Abstract
This writer makes the following comments on the methodology in studying labor law in today's Japan as the fruits from his studies in labor laws and labor relations in European countries as well as in Japan.
(1) The severe restrictions, e. g. statutory prohibitions against strike by the civil servant, and the strong opposing movement from the employee's side caused by those restrictions have increased the number of labor litigations and accumulated case law year after year. Sociology of law is expected to contribute to establish the systematical theory of labor law through the sociological analysis on the labor relations presented in the cases.
(2) The study of labor law should start from clarifying the unfavorable or even offensive nature of modern civil law against employees in order to establish the systematical theory of the employee's right. The function of the goodlooking principle of ‘public welfare’ is one of the examples to be analysed. For this reason it is indispensable for the study to request aid from related social sciences, e. g. science of social policy, history of labor movements, science of labor hygiene, social psychology, etc.
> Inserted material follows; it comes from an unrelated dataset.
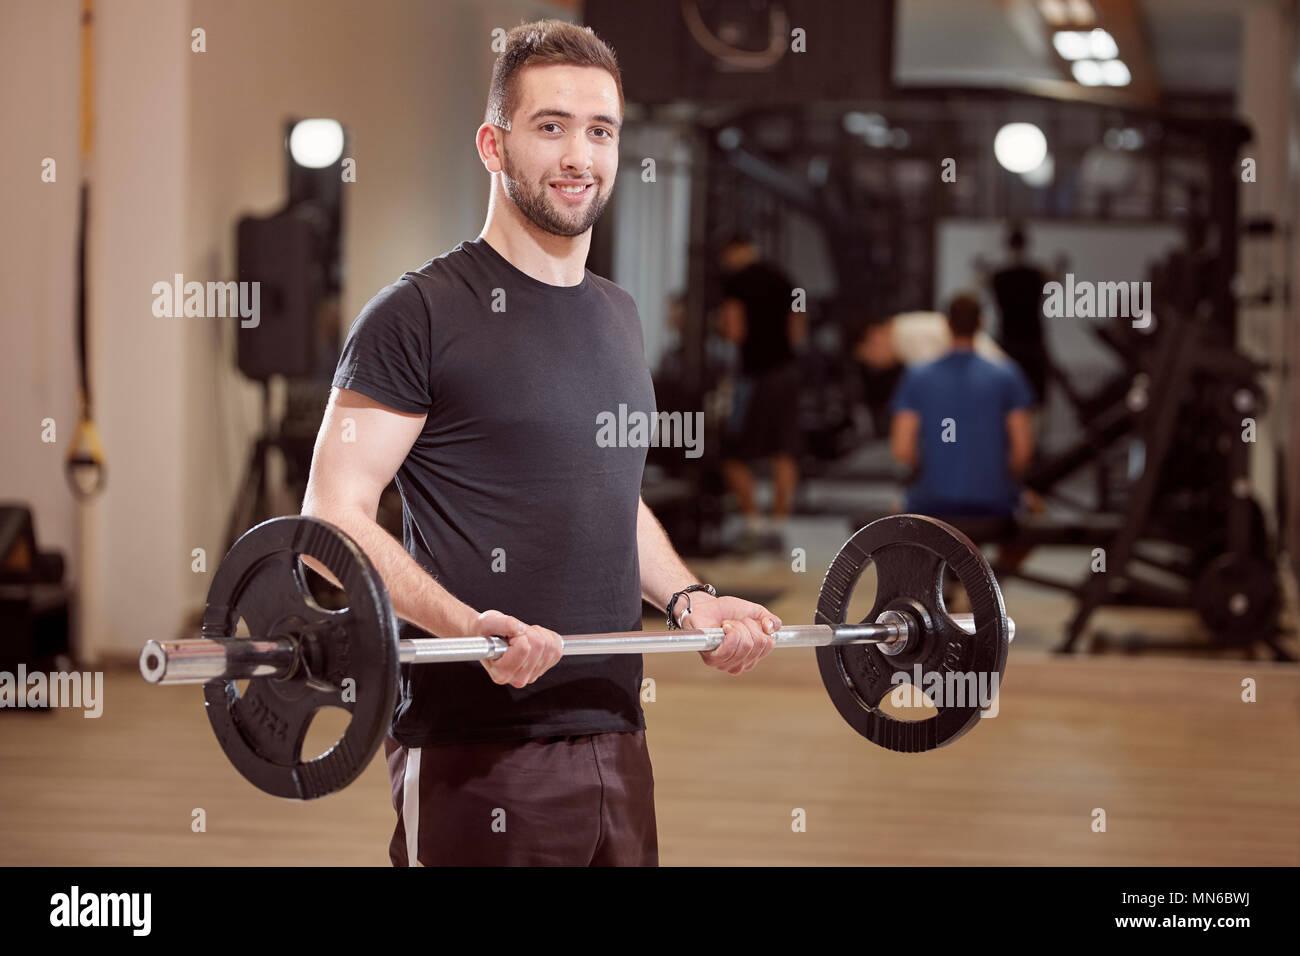 Un giovane uomo che pongono, ordinario, media cercando, tenendo barbell con pesi, esercizio in palestra. Irriconoscibile la gente dietro (al di fuori della messa a fuoco). Immagini Stock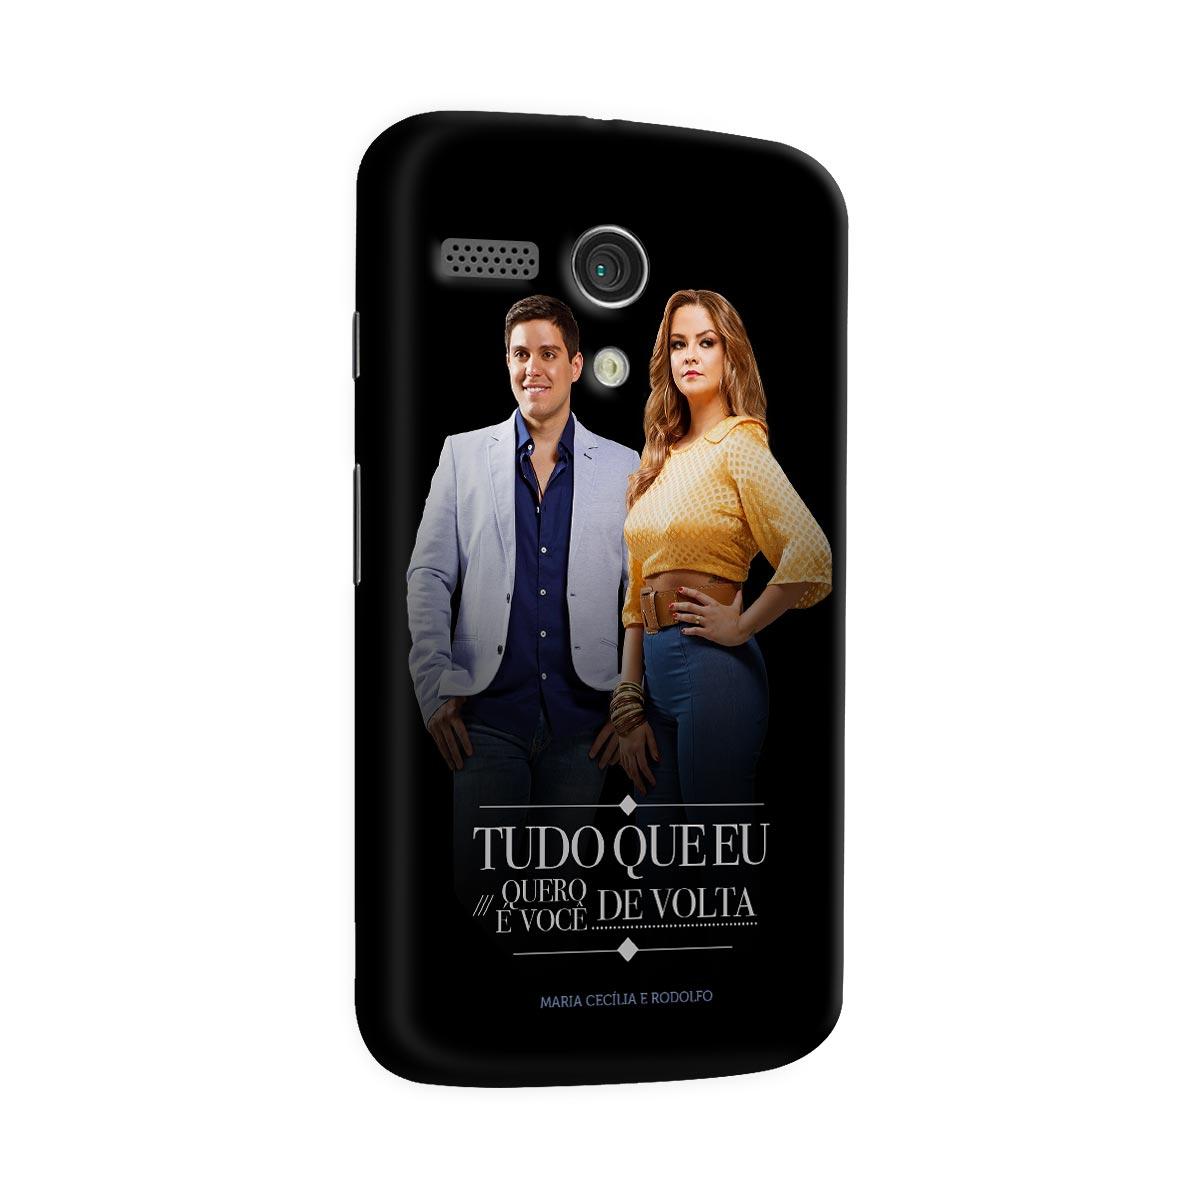 Capa para Motorola Moto G 1 Maria Cecília & Rodolfo Tudo Que Eu Quero

(3) The sociological approach should be applicable to the Japanese Constitutional situations, because the Constitution declares fundamental principles which support the employees' rights. In such an approach the comparative study of the labor organizations and the employees' sense of their rights in more developed countries can not fail to have a beneficial effect.
(4) The sources of labor law not only are confined to the statutes and the cases, but also contain the collective agreements, the rules of employment and so on, which are to be called ‘living’ labor law. The sociological study of the real situations of labor relations and labor organizations is also needed for systematizing the employees' rights existing in the ‘living’ labor law in various forms.